Assim, pela ótica bíblica, o Deus que é amor não deixa de amar apenas por permitir que seus filhos sofram. “Nosso Senhor pode livrar-nos de qualquer sofrimento, se esta for a sua vontade. Porém, em muitas ocasiões, permite que seus servos passem por provas e tribulações”, endossa o pastor Temóteo Ramos de Oliveira, da Assembleia de Deus em Petrópolis (RJ). Autor do livroManual do visitador cristão (CPAD), onde aborda a questão do aconselhamento, Oliveira destaca que o fundamental é a maneira de o crente enfrentar as provações. “O cristão genuíno conta com as promessas divinas, que nos garantem que o Senhor Jesus nos assistirá em todos os momentos da vida – desde que depositemos nele a nossa irrestrita confiança”, destaca.

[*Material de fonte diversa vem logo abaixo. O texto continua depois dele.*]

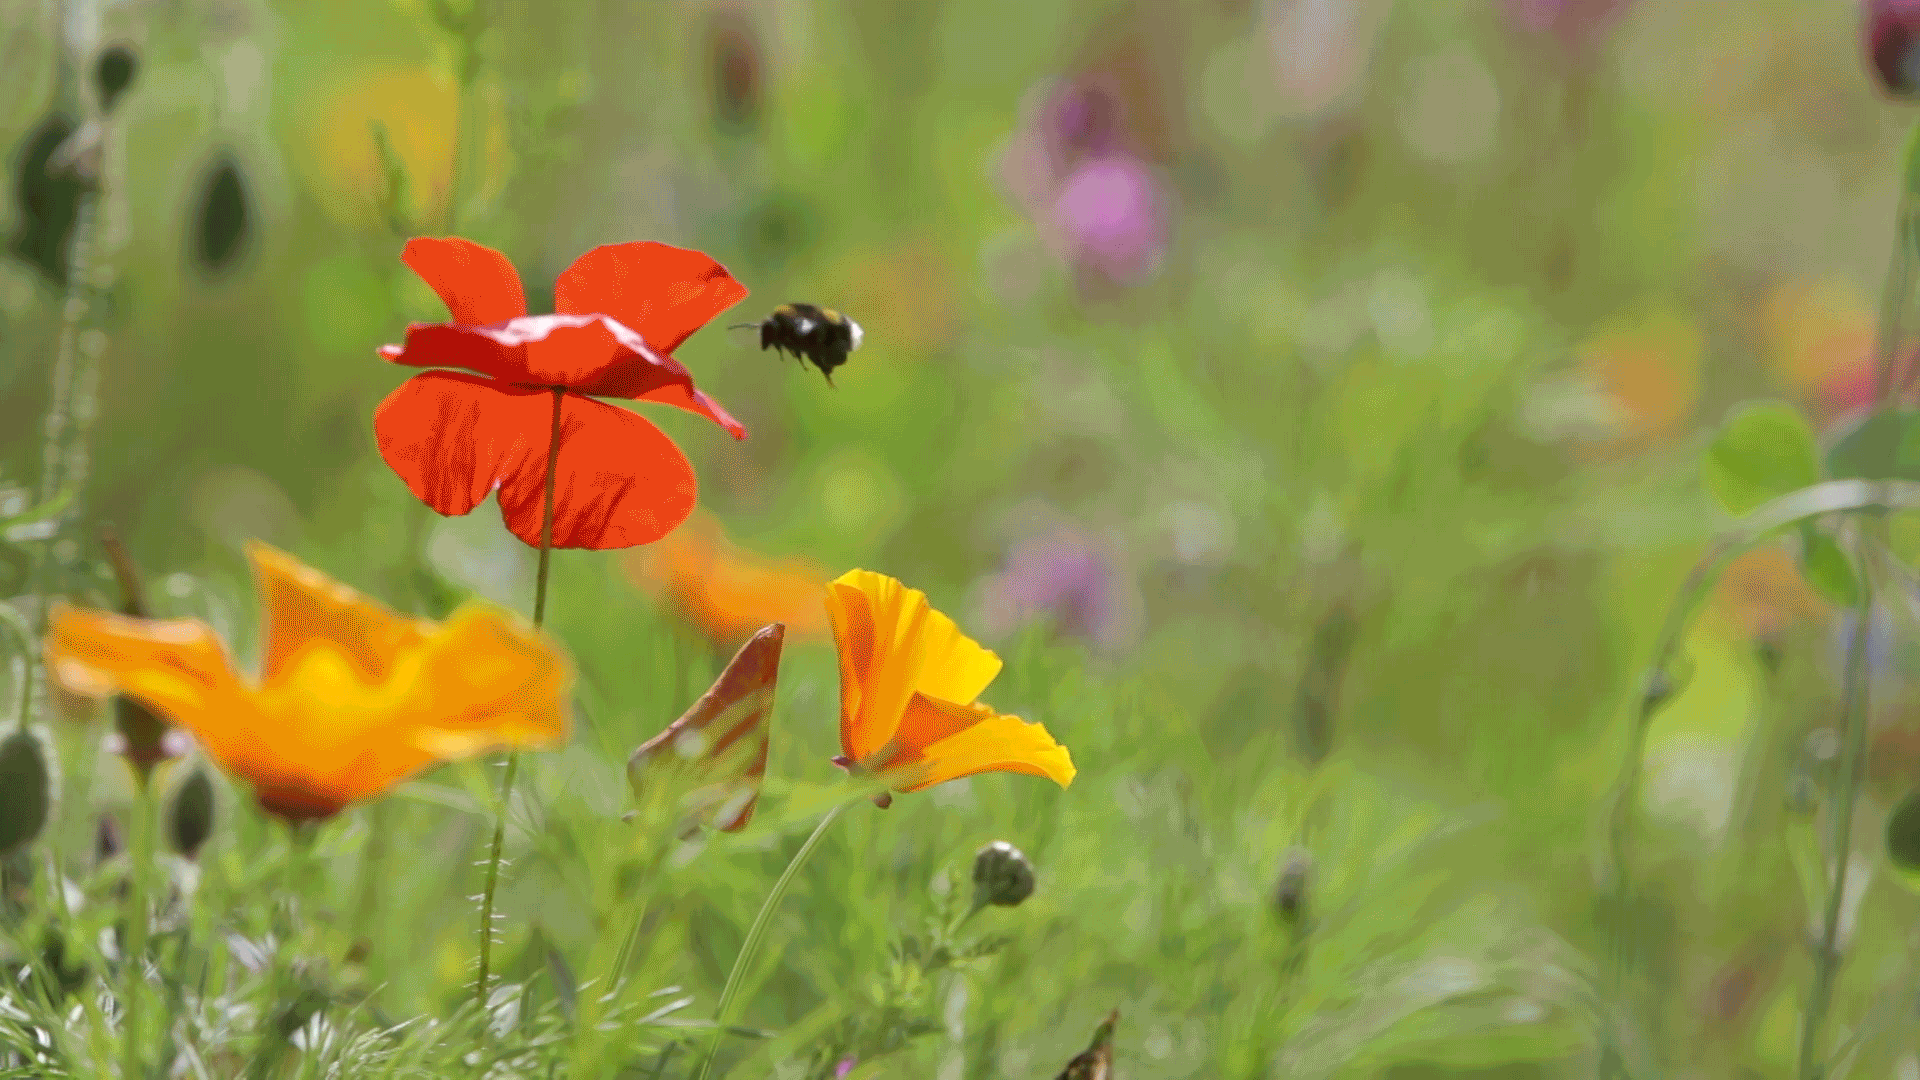 Gif of a bee flying around a red poppy in a field of flowers

Foi exatamente essa a atitude da pastora Ana Claudia Amaro da Cruz, 40 anos, da Comunidade Evangélica Antioquia, diante da morte de sua filha, Ana Paula, de apenas dez anos, em 2005. “Conheci um Deus que me confortou mesmo quando estava sofrendo demais”, lembra. Vítima de uma doença degenerativa hereditária, a pequena Ana Paula sofreu muito antes de morrer. Foram dezoito longos meses numa rotina de internações, enquanto seus órgãos vitais foram falindo aos poucos. “Quando a descemos à sepultura, só me lembrava que o Senhor a deu e o Senhor a tomou“, conta a pastora, emocionada.

Casada com o pastor Paulo Elias da Cruz e mãe de outros dois filhos, Ana já consegue enxergar o episódio em perspectiva. A ajuda psicológica e sobretudo a fé ajudaram-na a lidar com a dor. Sobre a experiência do sofrimento, a pastora não tem uma fórmula – “Tudo isso me levou a buscar mais ao Senhor. Muitos se revoltam, mas a intimidade com Deus faz com que a gente entenda o que está acontecendo. É algo sobrenatural”, resume.